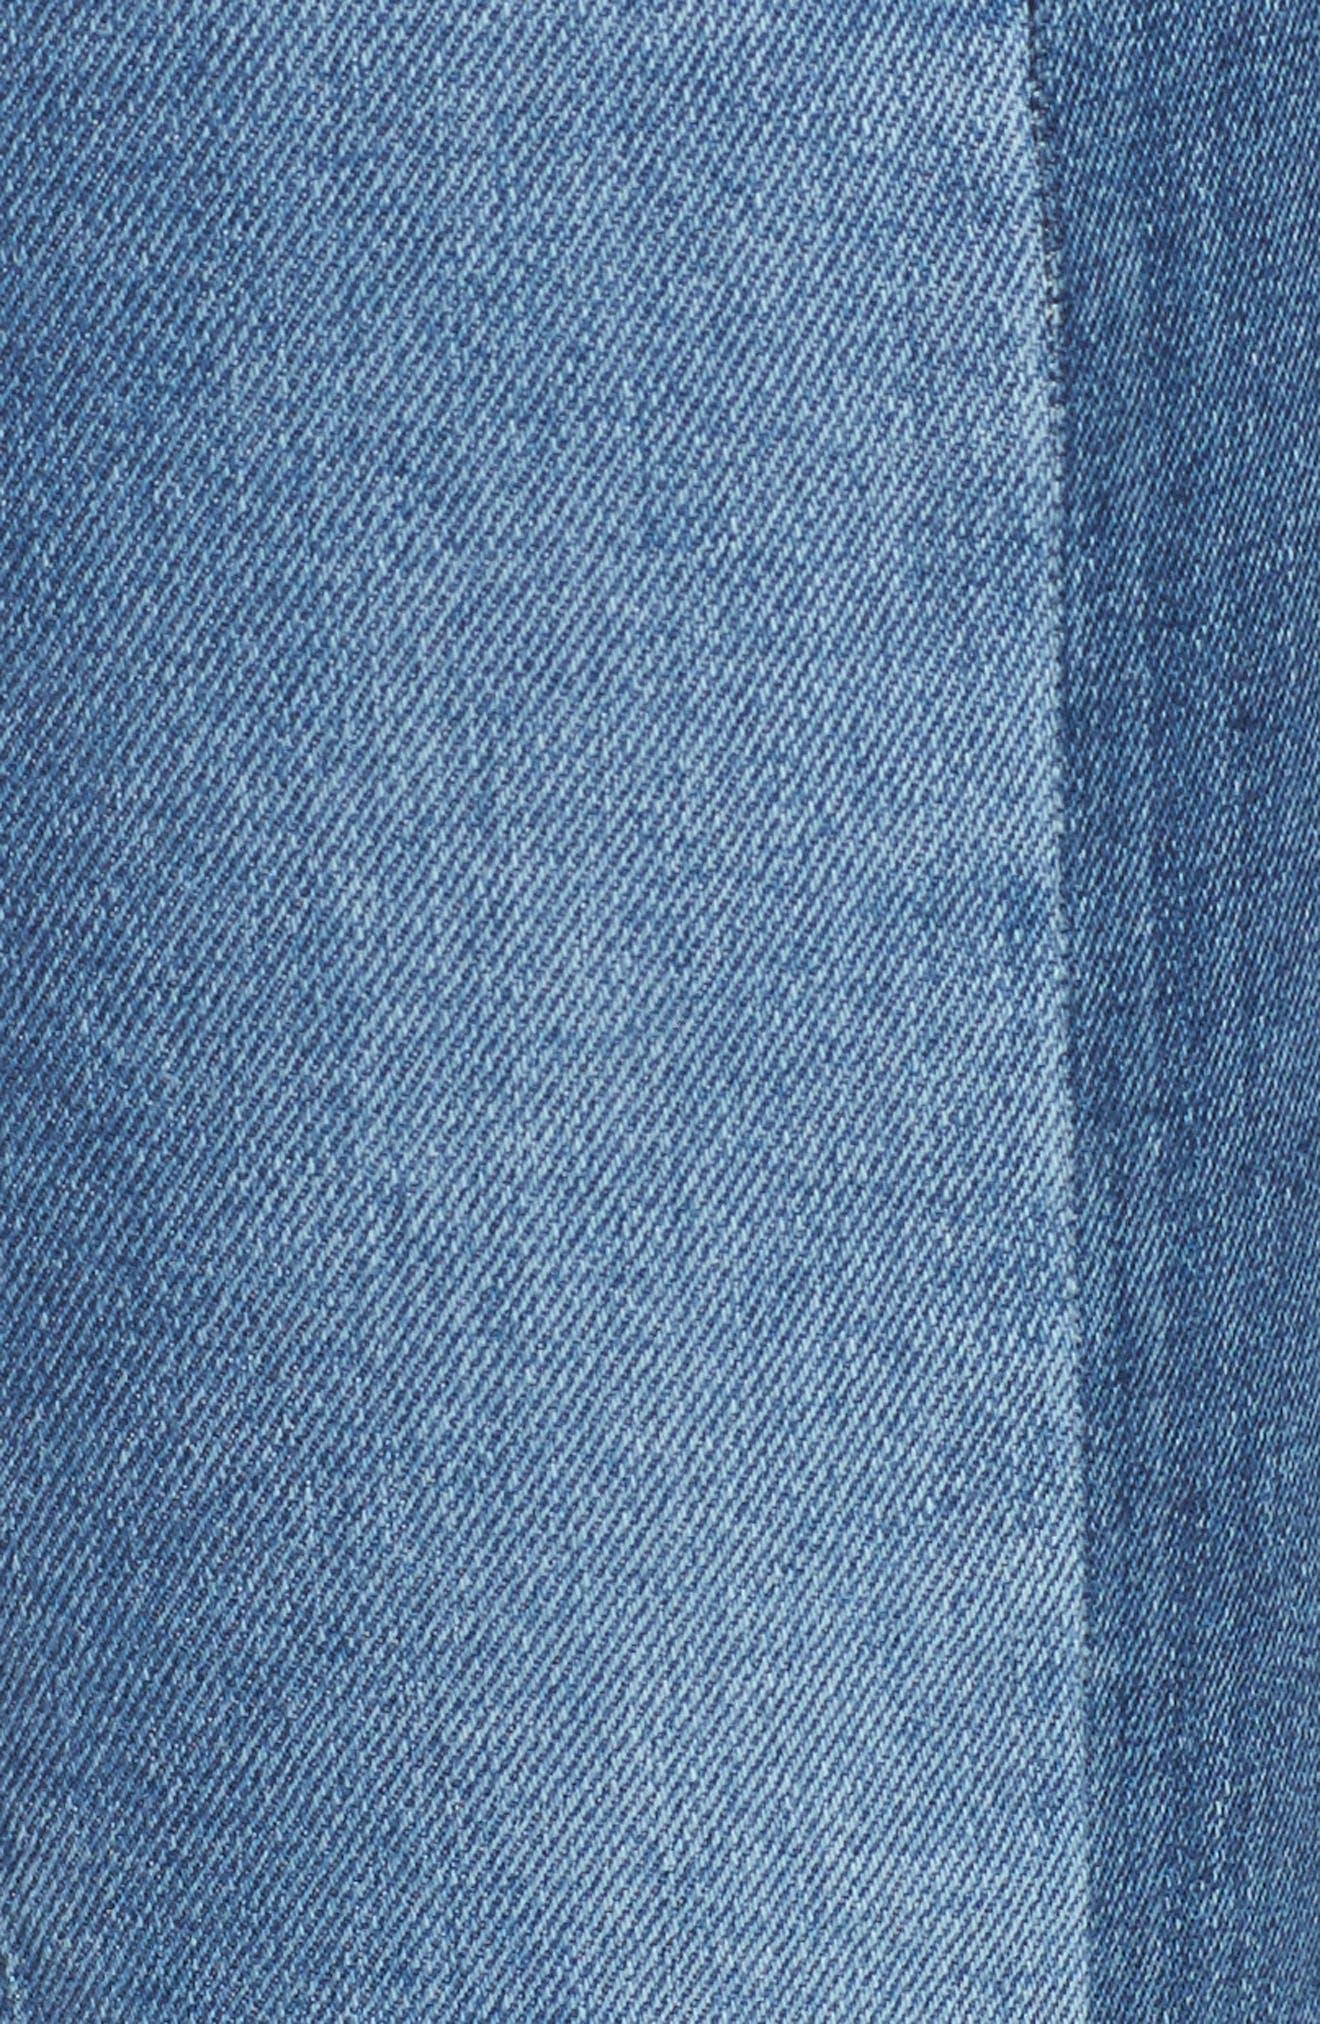 Alternate Image 5  - Mavi Jeans Tess Blocked Super Skinny Jeans (Mid Gold Icon)
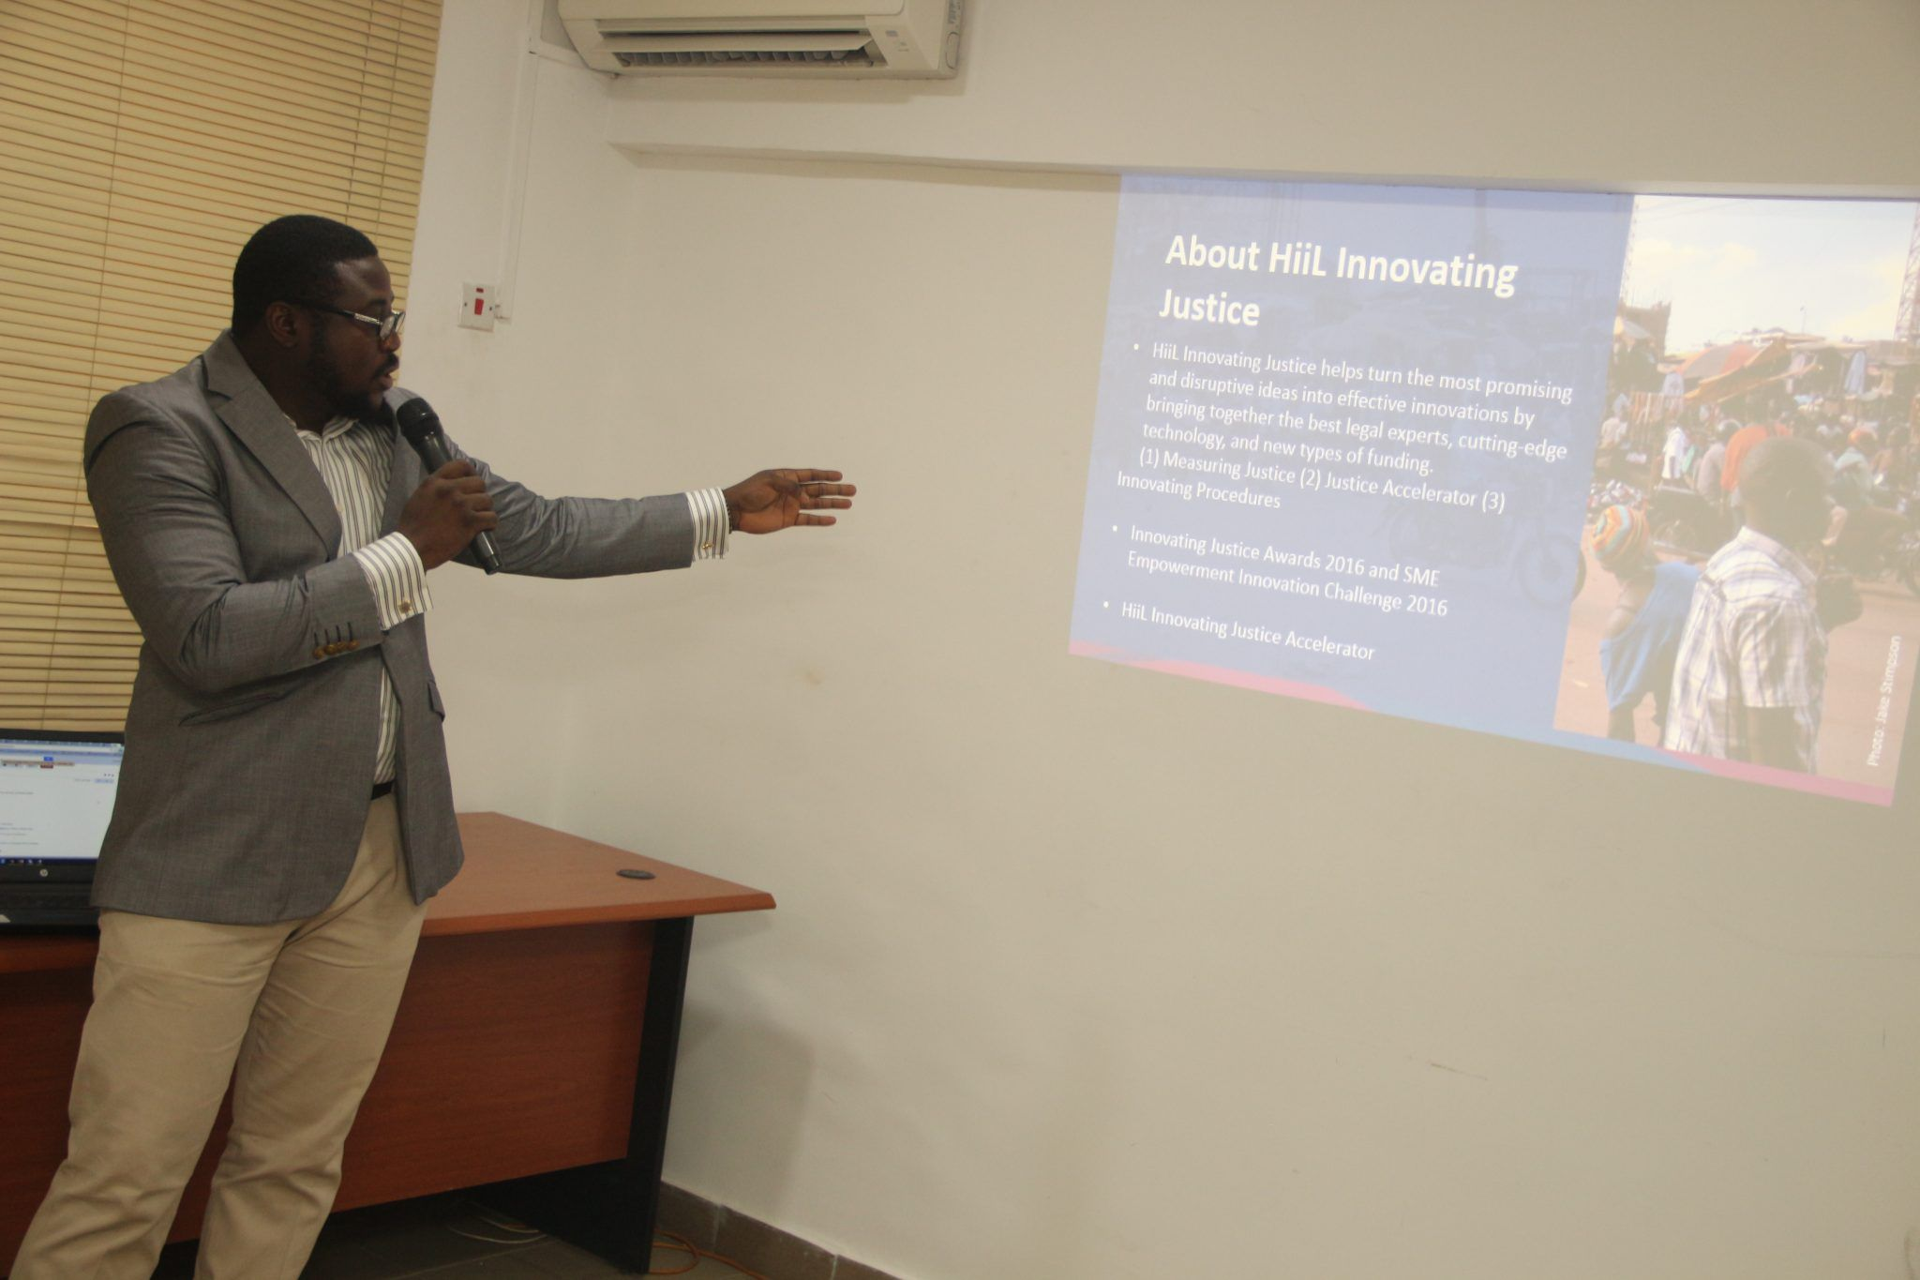 Hiil plans $40,000 Innovation Challenge for Nigerian Start-ups
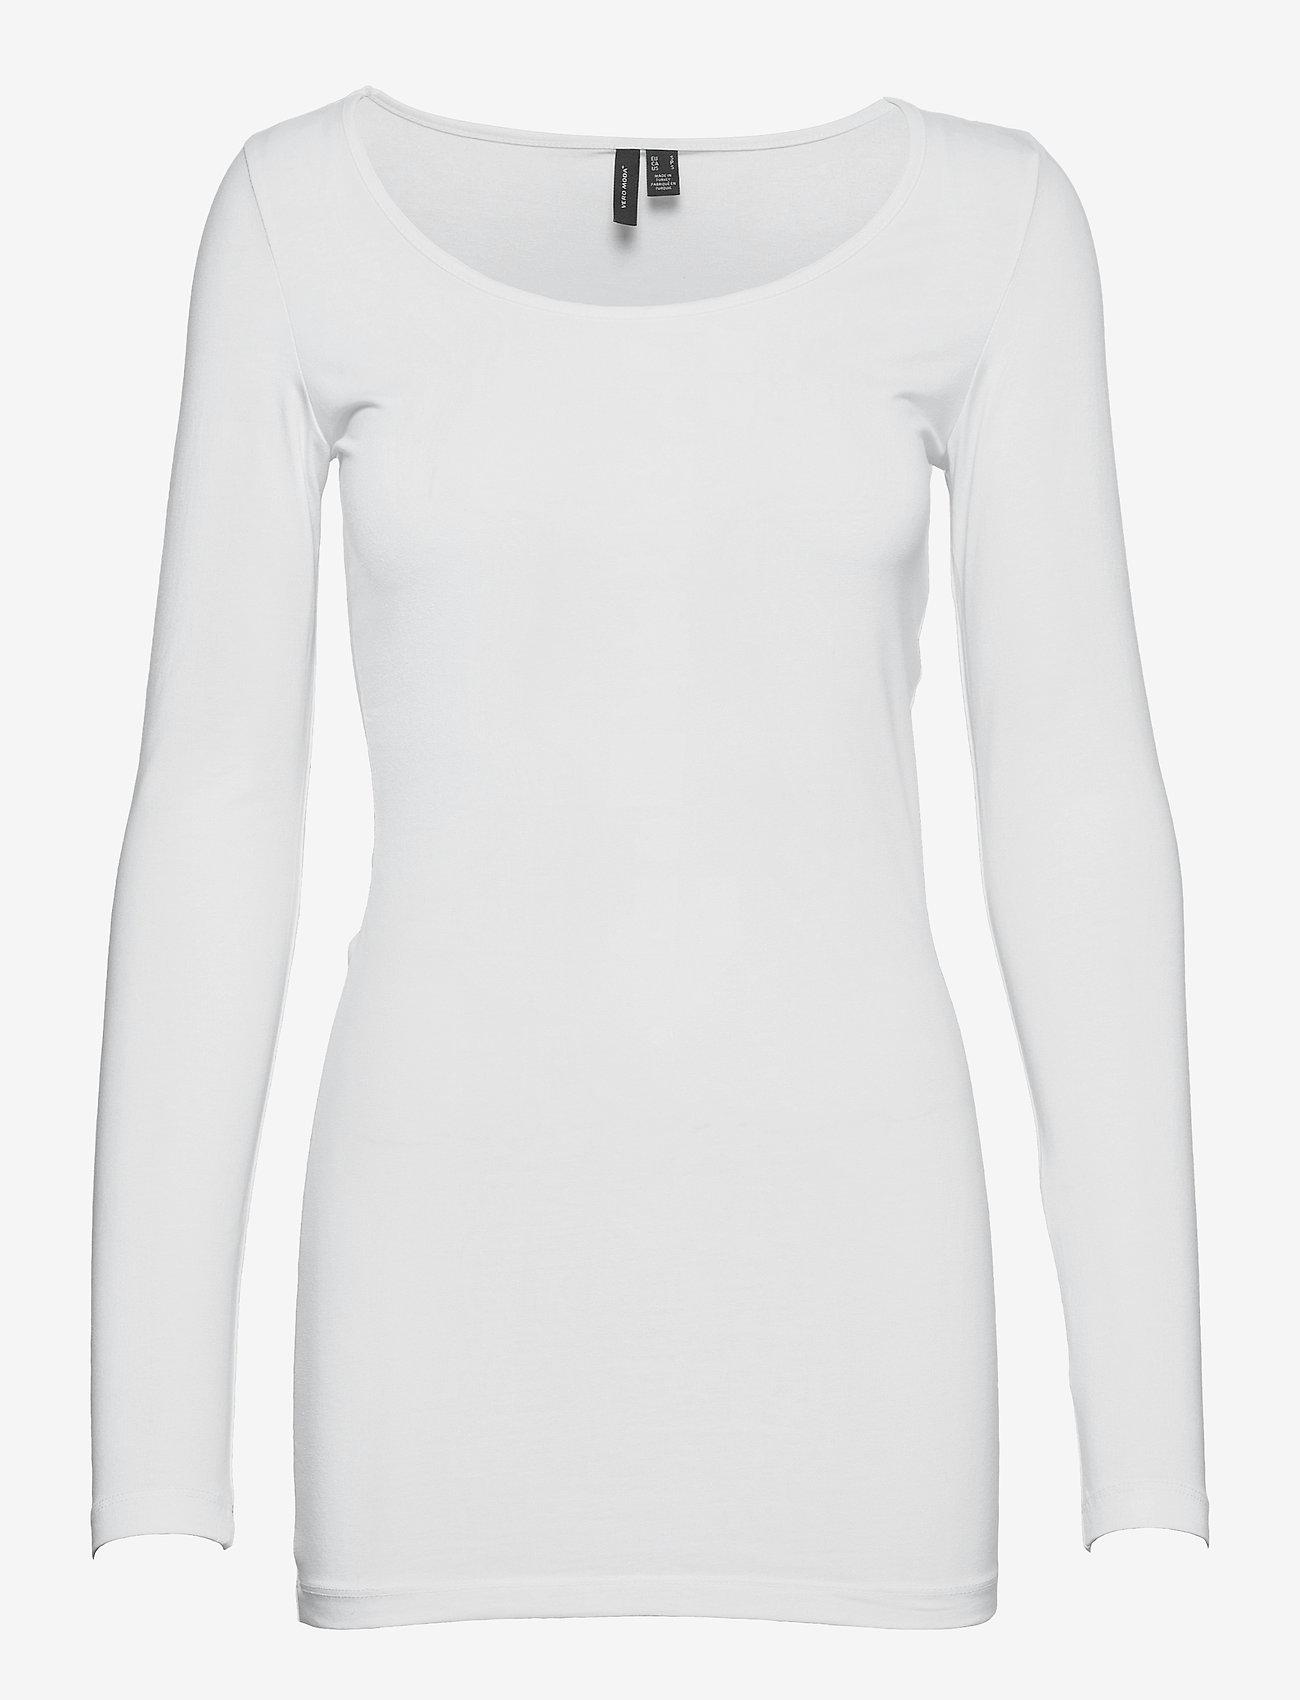 Vero Moda - VMMAXI MY LS SOFT LONG U-NECK GA - långärmade toppar - bright white - 0

_ _ _

Exercise instructions - Return the material word for word, images omitted.

Response below -
 Alternate Image 5  - Mavi Jeans Tess Blocked Super Skinny Jeans (Mid Gold Icon)
 Hiil plans $40,000 Innovation Challenge for Nigerian Start-ups
 Vero Moda - VMMAXI MY LS SOFT LONG U-NECK GA - långärmade toppar - bright white - 0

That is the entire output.